Performing a Cartesian product followed by a filter can be extremely inefficient, especially when dealing with large datasets. The computational complexity of this approach is quadratic (O(n*m)), where n and m are the sizes of the input datasets. As the dataset sizes grow, the performance degradation becomes more severe, leading to long execution times and high resource consumption.
Solution
Bucketing/Binning Technique To overcome the performance challenges of range joins in Spark, a more efficient approach is to use a bucketing or binning technique. This technique involves partitioning the data into buckets or bins based on the range condition, allowing Spark to leverage its partitioning and sorting capabilities for optimized join performance.
Example Code with Range Join (Original):
df_final = spark.sql(
"""
SELECT *
FROM df LEFT JOIN ips
ON (df.ip_int >= ips.network_start_integer AND df.ip_int <= ips.network_last_integer)
"""
).drop("ip_int", "network_start_integer", "network_last_integer").cache()
Here's an example of how you can implement the bucketing/binning technique in Spark (Modified):
from pyspark.sql.functions import explode, sequence, col
# Create the bucketed version of the geolocation table
b_geo = spark.sql("""
WITH b_geo AS (
SELECT
explode(
sequence(
CAST(network_start_integer / 256 AS INT),
CAST(network_last_integer / 256 AS INT)
)
) AS bucket_id,
*
FROM ips
)
SELECT * FROM b_geo
""")
# Create the bucketed version of the events table
b_events = df.selectExpr("CAST(ip_int / 256 AS INT) AS bucket_id", "*")
# Perform the join using the bucketed tables
df_final = b_events.join(
b_geo,
(b_events.bucket_id == b_geo.bucket_id) &
(b_events.ip_int >= b_geo.network_start_integer) &
(b_events.ip_int <= b_geo.network_last_integer),
"left"
).drop("ip_int", "network_start_integer", "network_last_integer", "bucket_id")
In this example, we first create a bucketed version of the geolocation table (ips) by exploding the range of IP addresses into individual buckets based on the first two bytes of the IP address (network_start_integer / 256 and network_last_integer / 256). We then create a bucketed version of the events table (df) by extracting the first two bytes of the IP address as the bucket ID.
Next, we perform a join between the bucketed versions of the two tables, ensuring that the bucket IDs match and the IP address from the events table falls within the range of the corresponding bucket in the geolocation table.

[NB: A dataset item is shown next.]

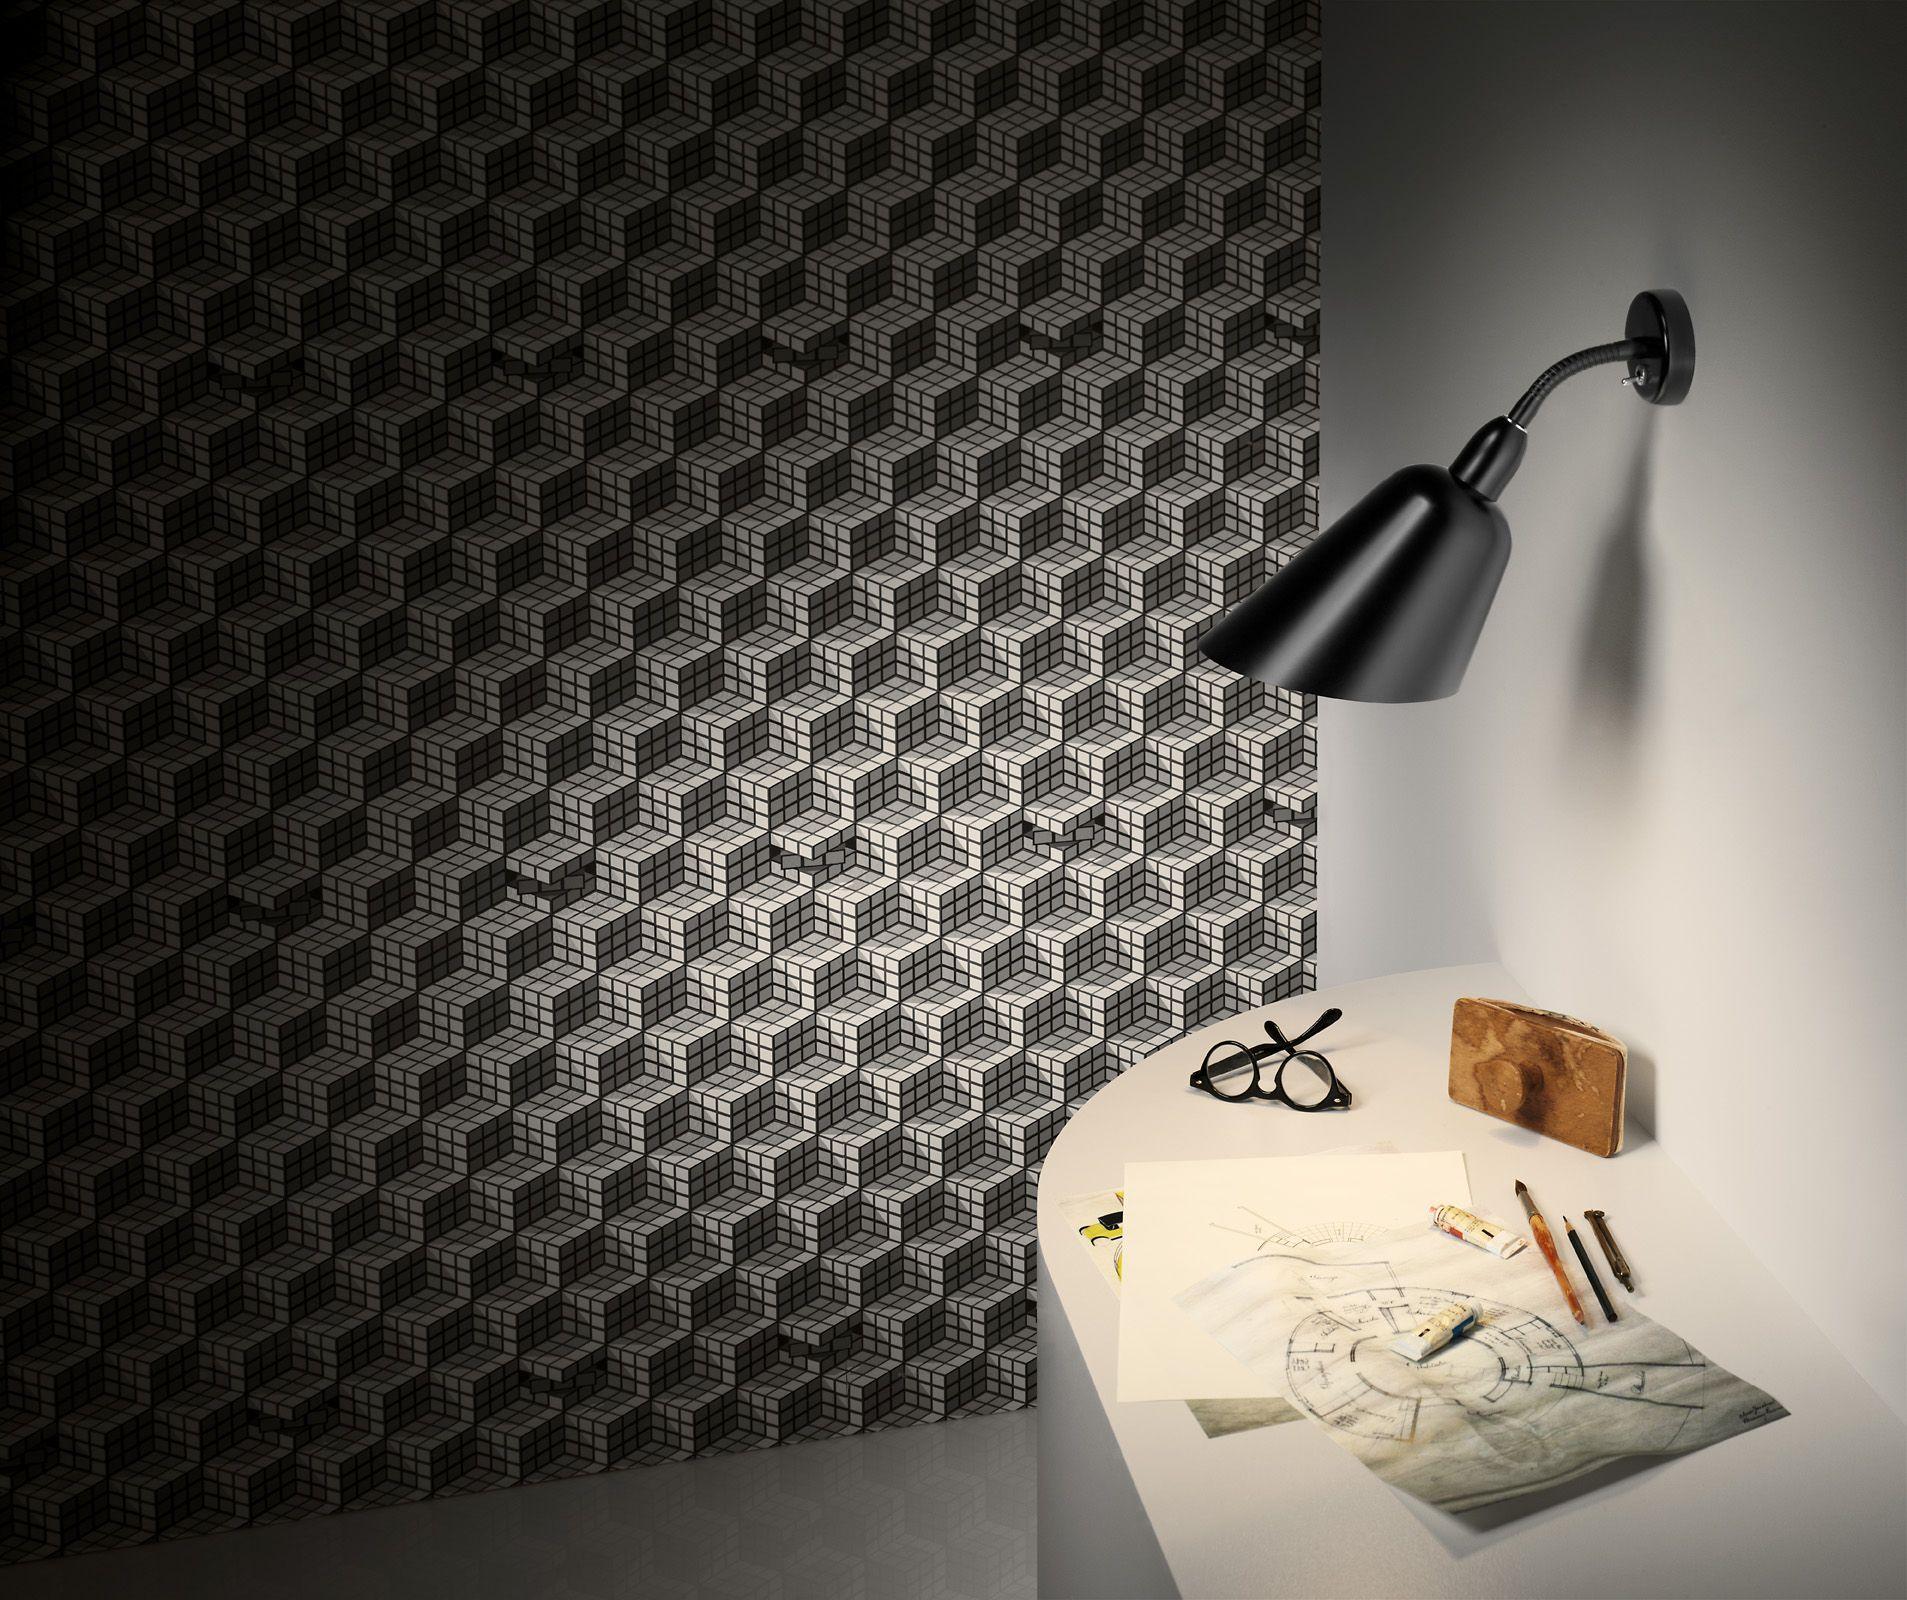 Bellevue Wall Lamp Arne Jacobsen Tradition Http Decdesignecasa Blogspot It Black Wall Lamps Wall Lamp Wall Lights

By bucketing the data based on the range condition, we significantly reduce the number of combinations that Spark needs to explore during the join operation. Instead of performing a full Cartesian product, Spark can leverage its partitioning and sorting capabilities to efficiently join the relevant partitions and prune irrelevant data.
This bucketing/binning technique can provide substantial performance improvements for range joins, especially when dealing with large datasets. However, it's important to note that the appropriate bucketing strategy may vary depending on the characteristics of your data and the specific range condition you're working with.
Prior to applying bucketing technique:
After applying bucketing technique to code:
By introducing the sort merge join before the range comparison, the bucketing/binning technique effectively replaced the inefficient Cartesian product followed by a filter approach, which would have been the default behavior for a non-equality join condition in Spark. This optimization enabled efficient data partitioning and pruning, leading to significant performance improvements in the execution of the range join operation, especially when dealing with large datasets.